Ms Truss will say that free market advocates took their eye off the ball after the 1980s.
"Free market economists went off to lucrative jobs in the City, allowing academic institutions and think-tanks to be captured by the left."
“We Conservatives allowed the debate to be framed and led by the left. Whether it’s the anti-capitalist arguments of the Occupy movement, the woke diversity policies or the statist environmental solutions, the left have been making the running. We’ve seen that, regardless of which government has been in power.
"From the energy price cap to the 2050 Climate Change target to the ESG agenda in companies, there has been a cultural shift across both business and the public sector… Politicians assumed that the good times would go on forever.
"The discussion was about ‘sharing the proceeds of growth’ and talking about happiness and ‘General Well Being’ rather than GDP. The only question seemed to be how to distribute the pie, not how to ensure we had a bigger pie to share out."
She will claim Mr Sunak's Government has spent £35 billion more than she would have as prime minister, arguing that if the policies included in her growth plan had been followed, growth would have eventually been higher.
"Investment would not have faltered in the North Sea, were it not for the windfall tax," she will say. "We would have got moving on fracking and lower energy bills would now be on the horizon.

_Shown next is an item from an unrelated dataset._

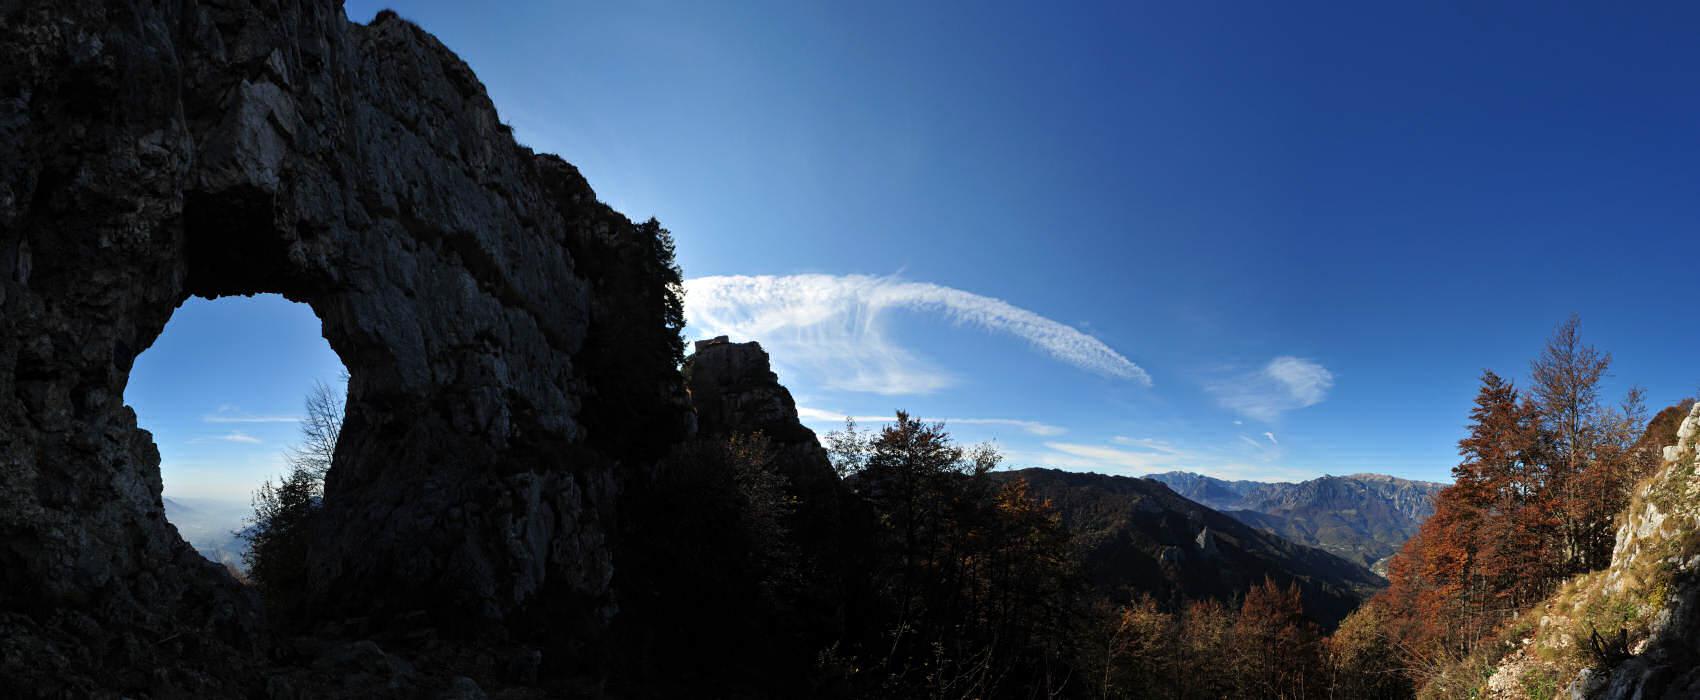 Schio/Posina : monte Novegno-Priaforà-Rione, Pasubio, Alto ...
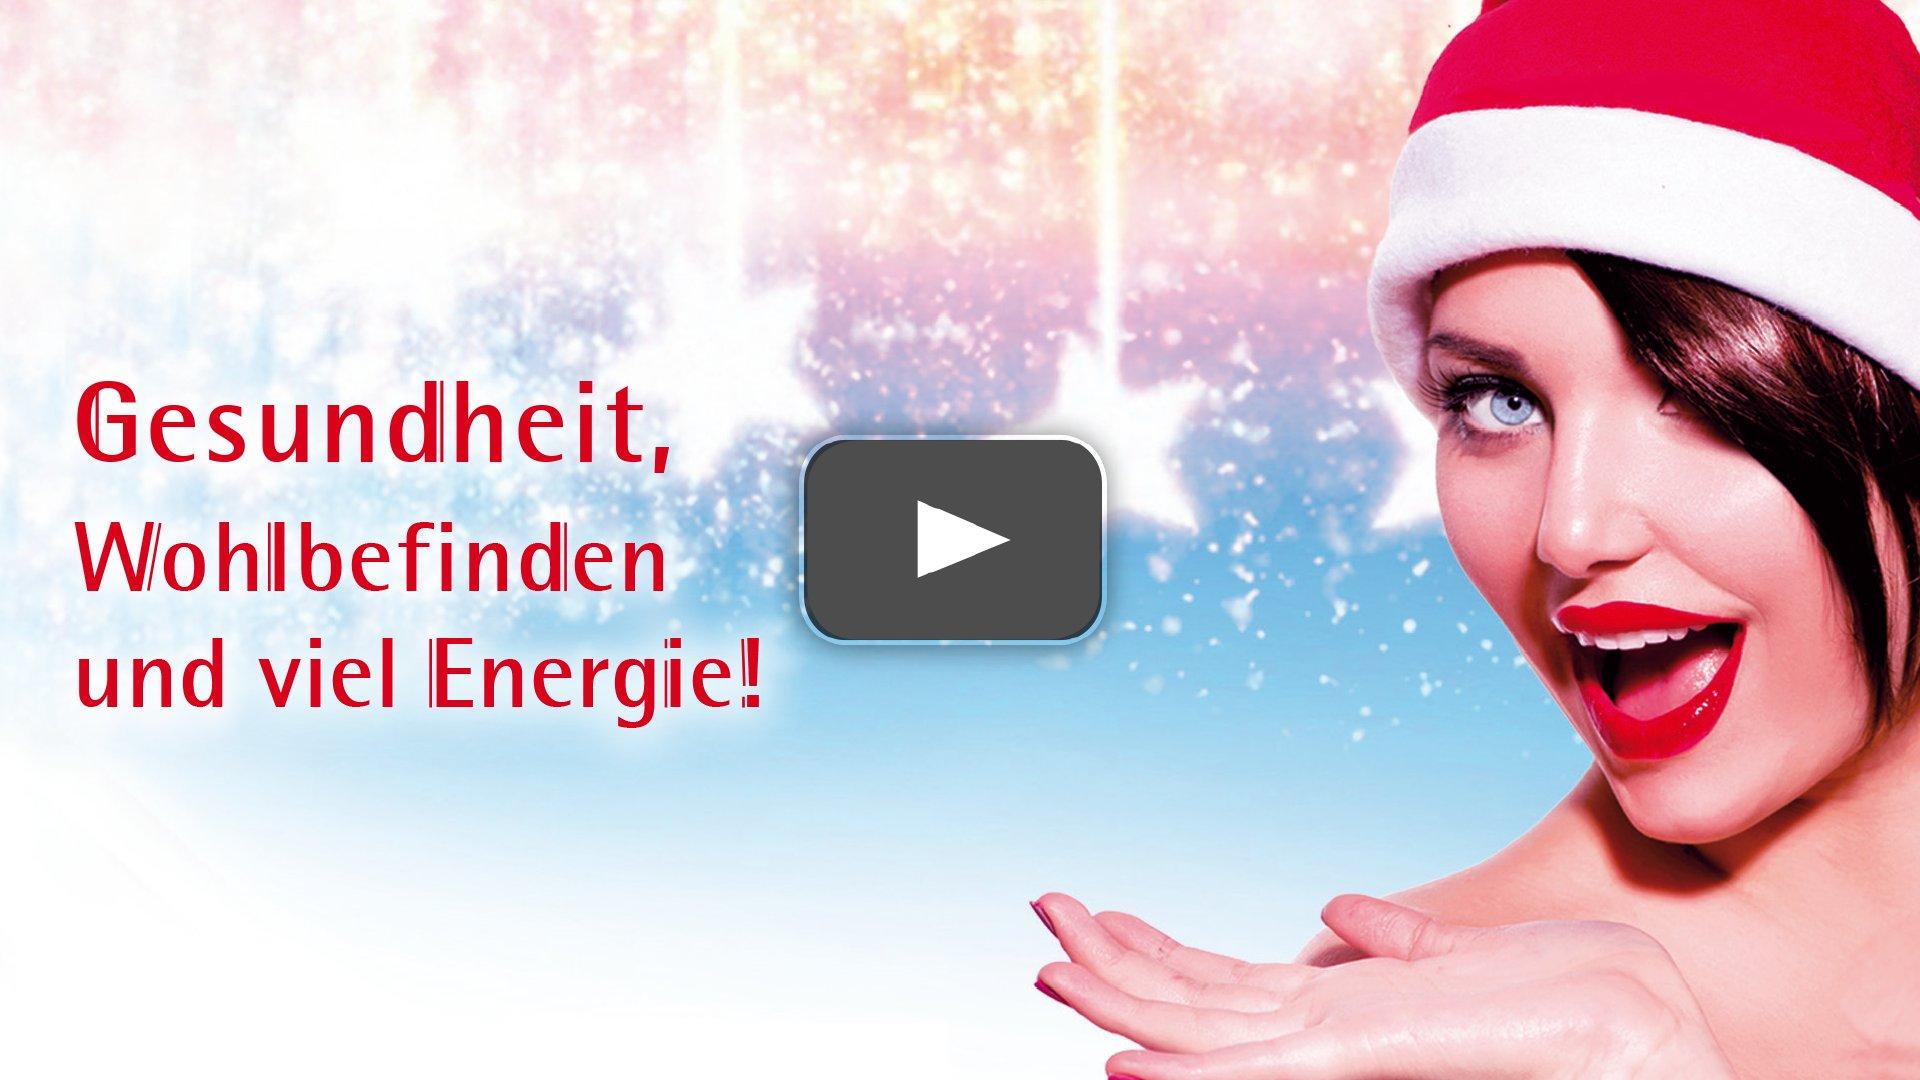 FIVE_Video-Startbild_Weihnachten_2019

"A more competitive rate of corporation tax would have persuaded the likes of AstraZeneca not to relocate elsewhere. There would have been more duty-free shoppers and a boom in the number of self-employed."
Ms Truss will repeat her attack on the so-called "anti-growth coalition", and argue that her plan was not implemented due to a reaction from "the political and economic establishment which fed into the markets".
Hitting out at 25 years of "economic consensus", she will say: "The anti-growth coalition is now a powerful force comprising the economic and political elite, corporatists, parts of the media and even a section of the Conservative parliamentary party.
"The policies I advocate simply aren't fashionable on the London dinner party circuit."
Chancellor Jeremy Hunt is currently preparing for the Autumn Statement, but tax cuts have repeatedly been ruled out while inflation remains high.
Ms Truss will take specific aim at US President Joe Biden's landmark green subsidy push the Inflation Reduction Act, warning the West "cannot keep borrowing forever".
Ahead of the speech, Labour frontbencher Jonathan Ashworth wrote to the Prime Minister calling on him to block Ms Truss's yet-to-be published resignation honours list.
In the letter to Mr Sunak, he said: "Families and business across Britain are still paying (the) price for the Conservative Party crashing the economy and leaving working people worse, with higher taxes, higher mortgages and higher food and energy bills.
"Despite this, it has been widely reported that Liz Truss has submitted up to 14 people to receive resignation honours.
"This means that those who crashed the economy, who left millions to pay more for their mortgage and who undermined our economic institutions could receive an award.
"I urge you to block these honours."
Liberal Democrat deputy leader Daisy Cooper mocked Ms Truss.
She said: "Liz Truss giving a speech on economic growth is like an arsonist giving a talk on fire safety."